Chairwoman Maloney continued, “This new information suggests that in addition to fostering a hostile workplace culture, Mr. Snyder also may have cheated the team’s fans and the NFL. While the focus of our investigation remains the Commanders’ toxic work environment, I hope the FTC will review this troubling financial conduct and determine whether further action is necessary. We must have accountability.”

The Committee’s investigations into financial conduct were not related to the ongoing investigations into workplace misconduct. Those investigations stem from allegations by former cheerleaders and executives in 2020 that described a pervasive culture of harassment and abuse within the organization.
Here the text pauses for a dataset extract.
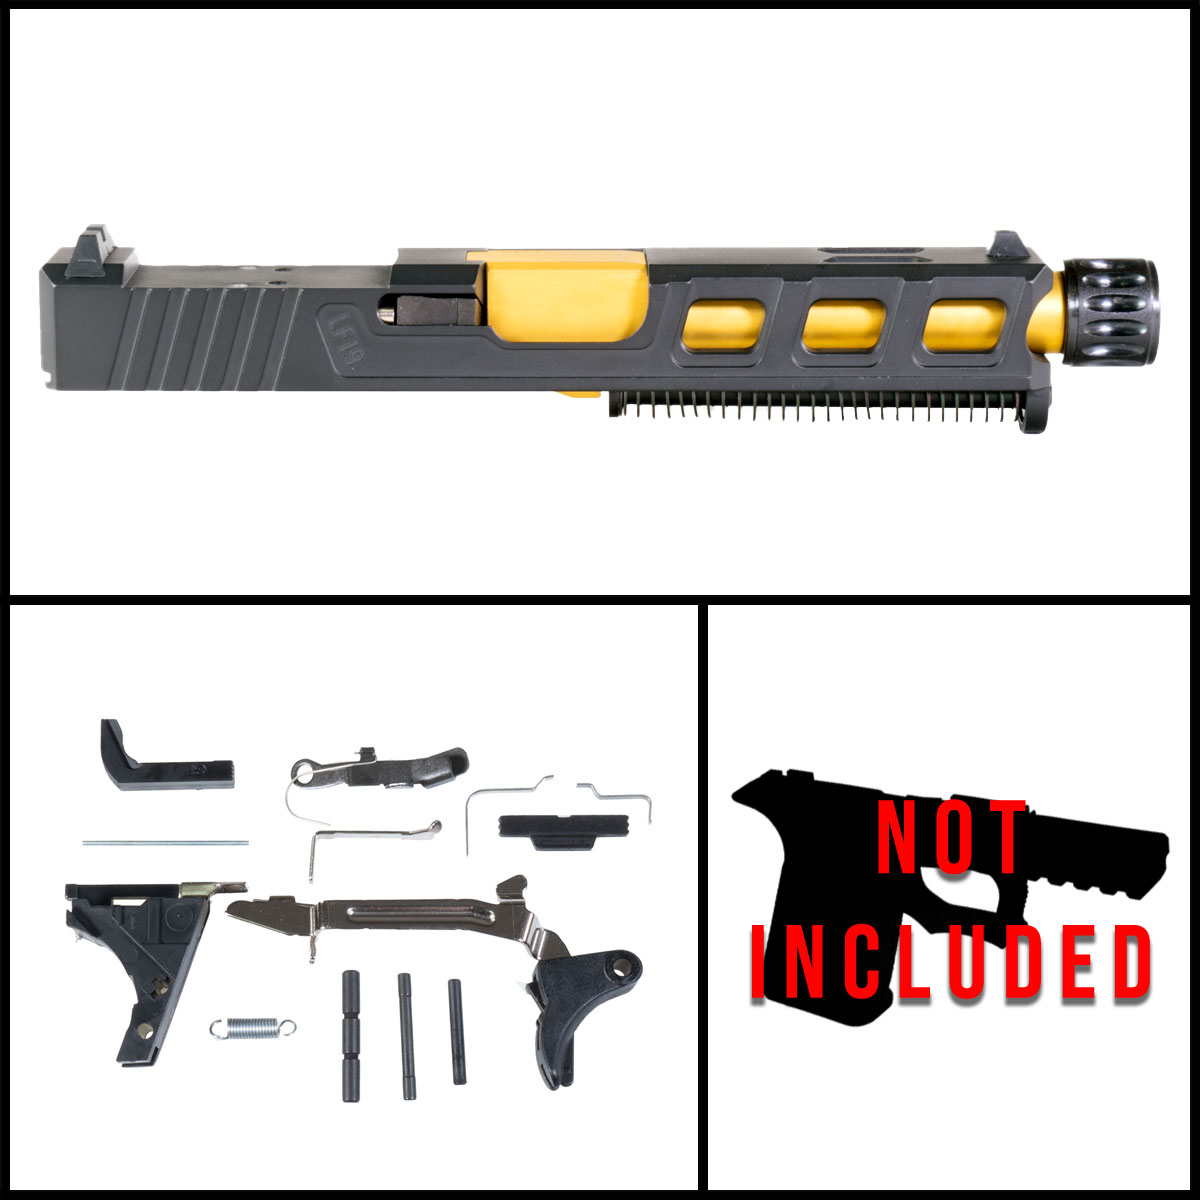 DDS 'Auge' 9mm Full Pistol Build Kit (Everything Minus Frame) - Glock 19 Gen 1-3 Compatible

Washington publicly made a $1.6 million settlement to a former cheerleader regarding the abuse allegations in 2009. In 2021, the Commanders were fined $10 million by the NFL following an in-depth investigation of the matter. Shortly afterward, the team settled with five former cheerleaders who were videotaped without permission for an internal video described as “lewd.”

The FTC will be responsible for investigating the new allegations relating to the mismanagement of the Washington Commanders football team under Dan Snyder’s leadership. Snyder has owned the team since 1999.